With AI projected to add $15–16 trillion to global GDP by 2030, the question for Vietnam is whether it can convert current momentum into sustained, economy-wide gains before the frontier shifts again.
![]() |
| Ha Bao Tram, associate, Tony Blair Institute for Global Change |
Over the past decade, Vietnam has built one of Southeast Asia’s most dynamic digital economies, at precisely the moment when the foundations of the 6G era are being laid. Near-universal internet access of 99 per cent of the population, mobile broadband speeds among the global top 20, nationwide 5G deployment across cities and industrial zones, and a digital economy approaching nearly 20 per cent of GDP give Vietnam a rare starting advantage.
Importantly, 5G is becoming the platform on which AI-driven applications in manufacturing, logistics, cities, and public services are being tested.

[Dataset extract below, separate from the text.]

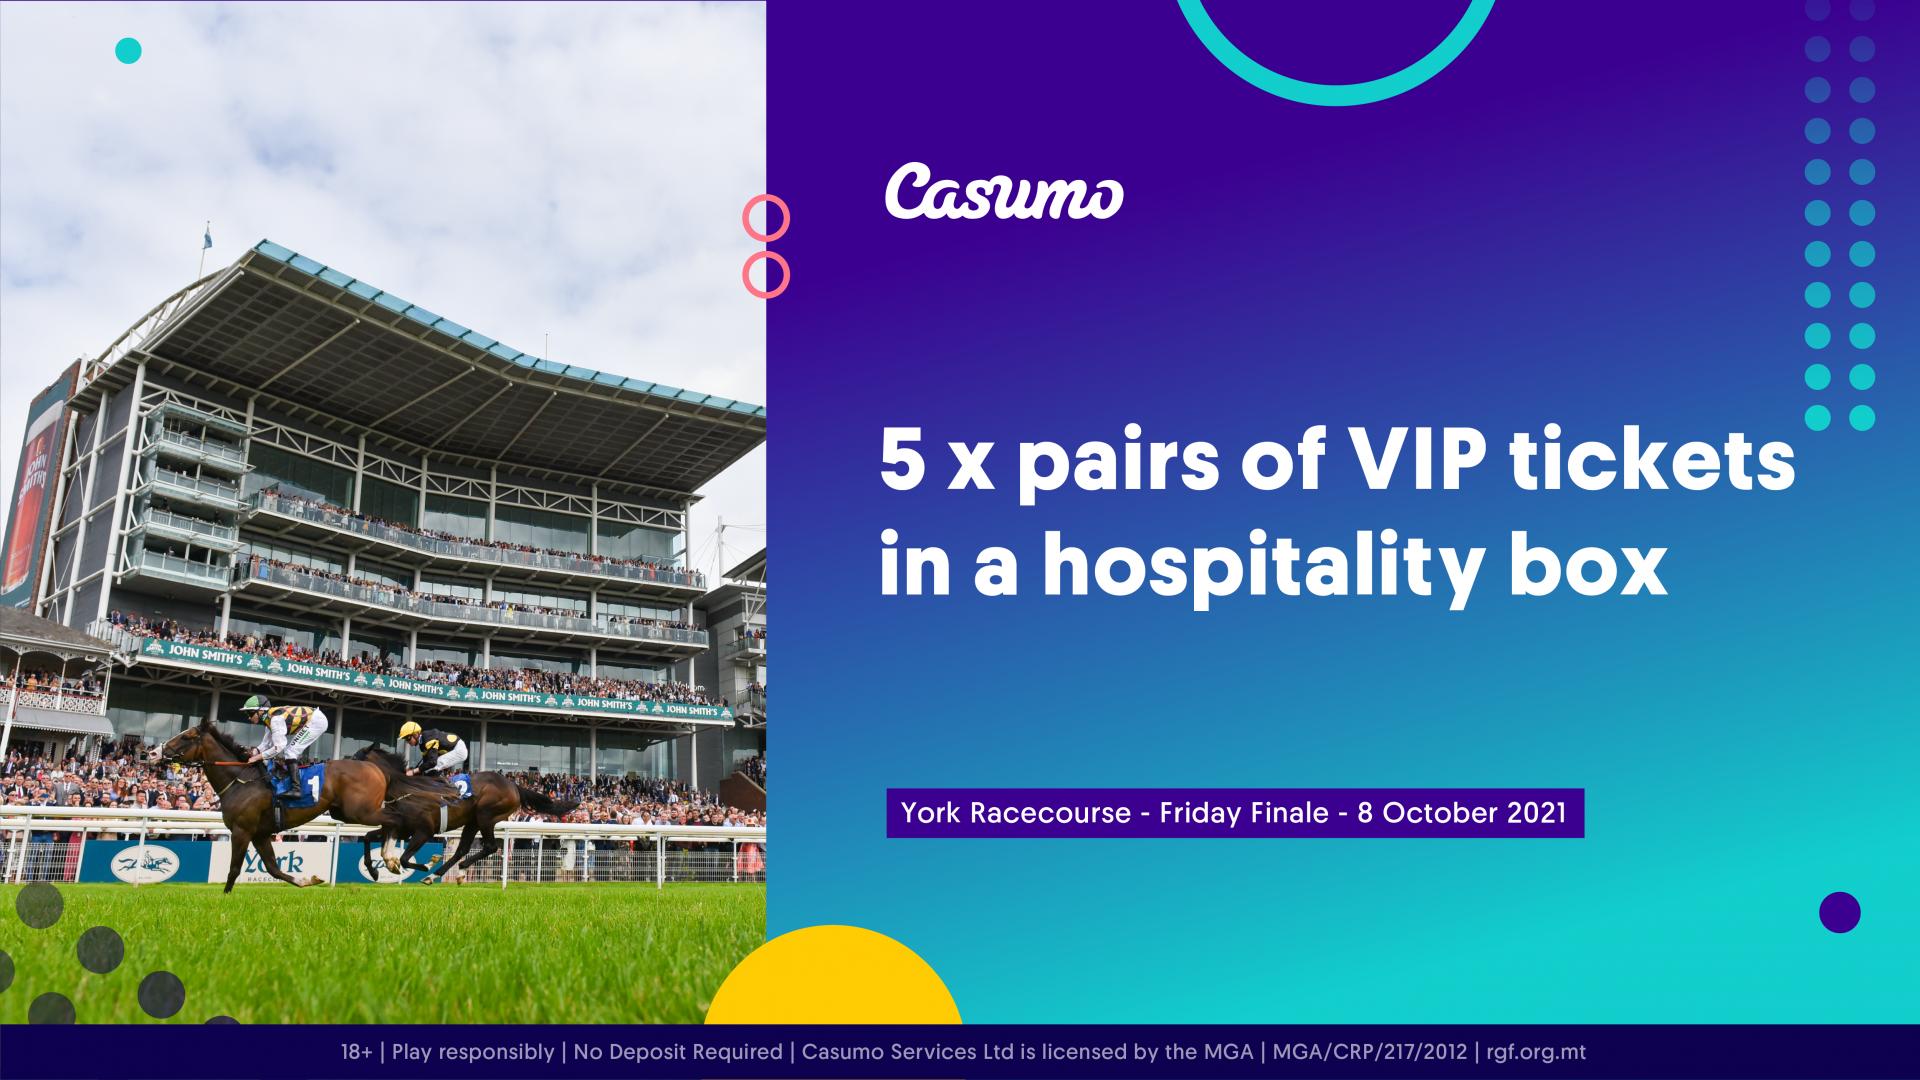 Win VIP tickets to York

How effectively Vietnam uses this 5G phase will determine its position when 6G arrives.
The next phase of development is about intelligence, not access. As networks move towards AI-native 6G architectures, leadership will hinge on turning data, edge computing, and cloud capacity into real-time economic decision-making. Vietnam’s expanding data centres, cloud ecosystem, and dense digital base place it close to this shift. With AI already delivering productivity gains globally, the choice is clear: to shape the 6G transition or risk remaining an efficient adopter rather than a digital leader.
The convergence of 5G and AI is ultimately shaped-and constrained-by hardware. AI workloads rely on specialised chips, while advanced mobile networks require secure, resilient equipment capable of real-time processing at the edge.
Vietnam’s move into domestic semiconductor capability, led by Viettel’s fabrication initiative, therefore represents more than an industrial upgrade; it is a strategic investment in the foundations of long-term digital capability.
Vietnam will not rival global semiconductor foundries in the near term. However, even limited domestic chip production can materially reduce exposure to supply-chain shocks, strengthen bargaining power with global vendors, and enable more secure deployment of AI-enabled networks. In an era defined by export controls and geopolitical fragmentation, countries without any hardware capability face structural disadvantages-higher costs, delayed rollout, and limited autonomy over critical infrastructure. This industrial depth is critical to Vietnam’s path towards 6G, expected around 2030.
Countries lacking these capabilities will inherit standards rather than shape them. Vietnam’s current focus on industrial 5G, AI-enabled public services, and semiconductor capability will determine whether it enters the 6G era as an active contributor to standards or a largely downstream adopter.
Vietnam’s AI readiness has improved markedly, placing it in the top third globally and among ASEAN’s stronger performers. The adoption of the Law on AI in December, alongside the Law on Digital Technology Industry adopted last summer, signals a shift from experimentation towards institutionalisation.
This matters because regulatory uncertainty remains one of the biggest barriers to AI investment globally. Vietnam’s risk-based, human-centric approach-broadly aligned with international regulatory principles-prioritises predictability, legal clarity, and trust.
In a fragmented global tech environment, this positions Vietnam not as a regulatory outlier, but as a credible, rules-based AI jurisdiction-an increasingly important advantage for attracting long-term investment and high-quality international partnerships. However, even with robust policy frameworks, much depends on effective implementation and coordination across agencies in practice.
In reality, AI deployment remains fragmented, largely confined to pilots and isolated use cases. There is a need to shift from AI readiness to economy-wide AI absorption to advance the core central policy challenge in the next phase of development.
Globally, AI and emerging 6G development are fragmenting along standards, governance, and supply chains, favouring countries that pair credible regulation with large-scale deployment. Within ASEAN, Singapore leads on AI governance but lacks scale. Vietnam’s advantage lies in its ability to deploy AI, and eventually 6G, across a large, diverse economy spanning industry, agriculture, cities, and public services.
To capitalise on this, Vietnam should pursue a dual-track strategy seen among leading middle powers.
First, Vietnam should prioritise AI absorption at scale across the real economy. Moving beyond pilots, Vietnam should scale deployment in priority sectors such as manufacturing, logistics, agriculture, and urban services, using these as real-world test-beds.
Second, Vietnam should engage in international AI and 6G standard-setting. The EU’s emphasis on risk-based AI governance and secure digital partnerships aligns with Vietnam’s trajectory and offers a pathway for high-quality, long-term investment.
Last, Vietnam should leverage this position by acting as a bridge economy-linking regional supply chains with global governance norms at a time when China’s rapid AI and 6G expansion is increasing the value of neutral and predictable markets. The strategic imperative is clear: deploy at scale domestically while shaping rules internationally, or risk inheriting technologies and standards designed elsewhere.